Hundreds of Muslim Brotherhood supporters have been killed and thousands have been arrested, including Morsi and other top leaders. Authorities have lately reached inside mosques to bar thousands of Islamist-leaning preachers.
The ban covers “all the activities of the Muslim Brotherhood organization, the groups emerging from it, its associations, and any institution that branches from it or follows the group or receives financial support from it,” according to Egypt’s state media outlet, MENA, which offered the only account of a ruling that has not been made public.
State Department spokeswoman Jen Psaki said Monday that U.S. officials are seeking further details about the ruling, and she urged all parties to “avoid steps that would undermine” an inclusive political process.
Monday’s ruling is likely to fuel the anger that has begun to erupt in the form of attacks on police and security forces in Egypt’s eastern Sinai region, in its Nile Delta towns and in the heart of Cairo, where a suicide bomber early this month targeted the country’s interior minister, who escaped unhurt.
What’s behind the ruling?
As a legal matter, however, experts were unsure whether the ruling was indeed part of an orchestrated attempt to target the Brotherhood’s financial and organizational empire. Some speculated that the judge — a low-level jurist at the obscure Court of Urgent Matters — was simply trying to please a regime that has relentlessly demonized the Brotherhood as “terrorists.” Other court cases and decisions may modify or reverse Monday’s ruling.
But at least for now, the ruling gives authorities even more power to pursue a group that had been banned under a series of Egyptian autocrats, only to emerge as the core of the country’s new leadership — if only briefly — after last year’s elections.

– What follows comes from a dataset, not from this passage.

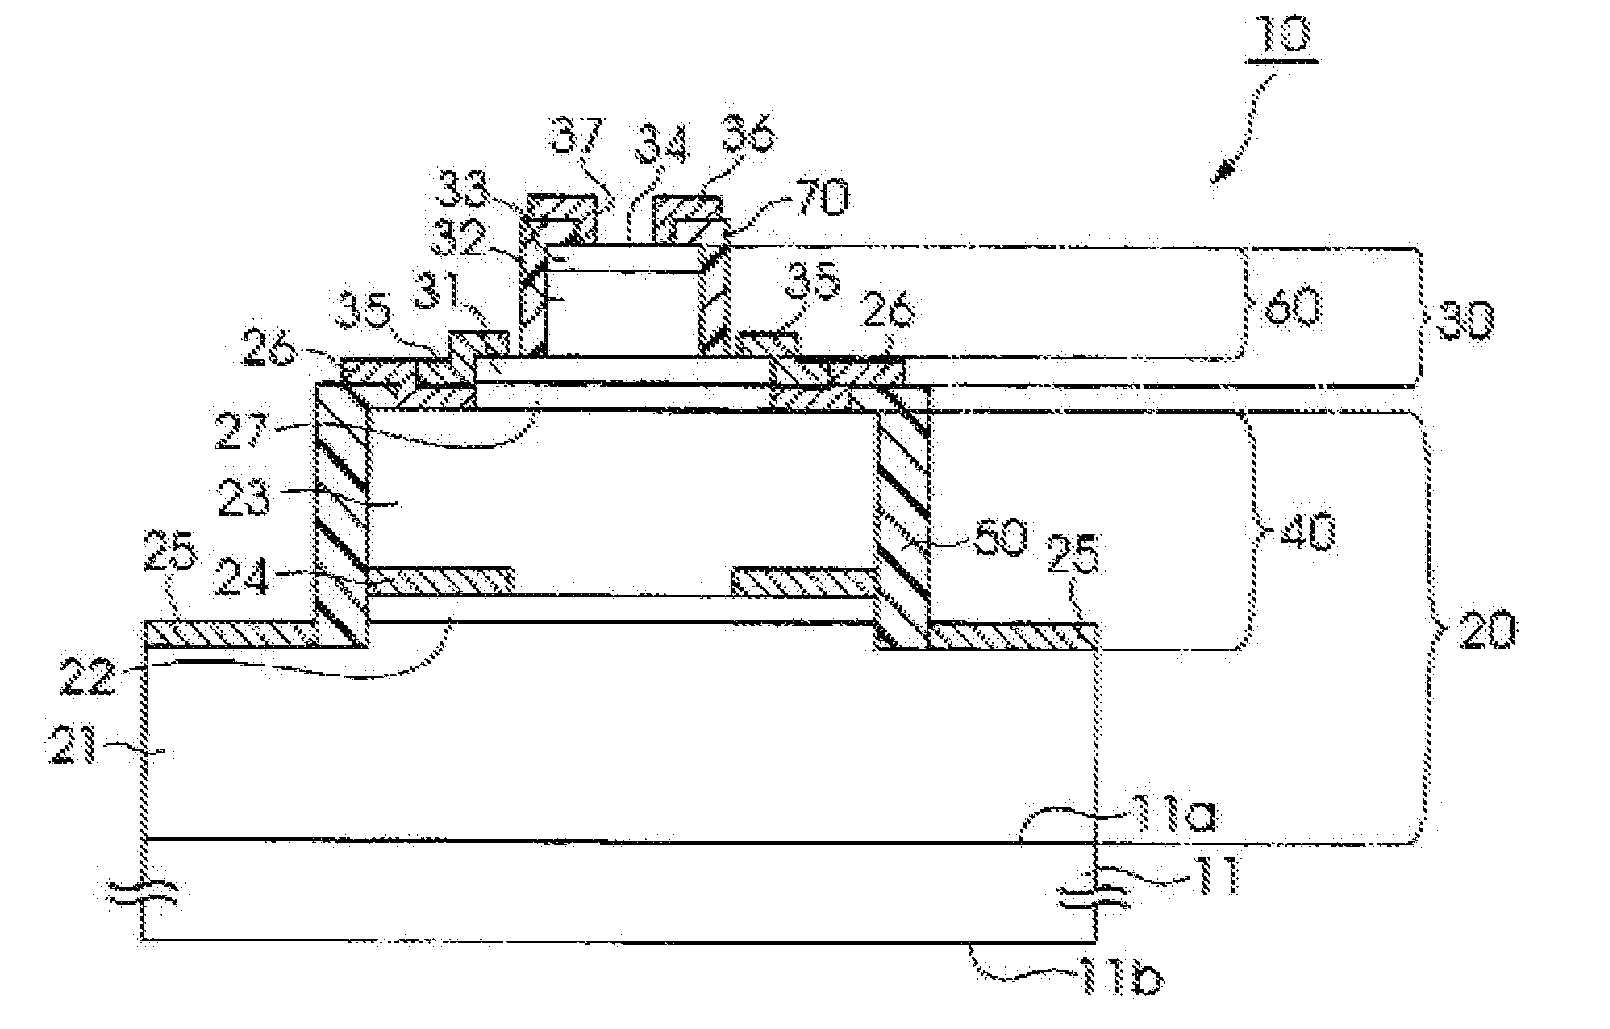 Optical element and its manufacturing method

“It is giving the government the broadest possible mandate to start sifting through all kinds of organizations and entities and freeze assets belonging to the Brotherhood,” said Hossam Bahgat, director of the Egyptian Initiative for Personal Rights. “It’s yet another tool in the box of the mastermind behind the current crackdown on the Brotherhood.”
Since the July 3 coup, Egyptian security forces have arrested nearly all of the Brotherhood’s top leaders. They have been charged with murder, inciting violence and other crimes that the group’s supporters contend are fabricated.
Monday’s ruling allows security forces to go still further, targeting the Brotherhood’s network of health clinics, schools and other social services, all of which have made the group enormously popular among millions of poor Egyptians.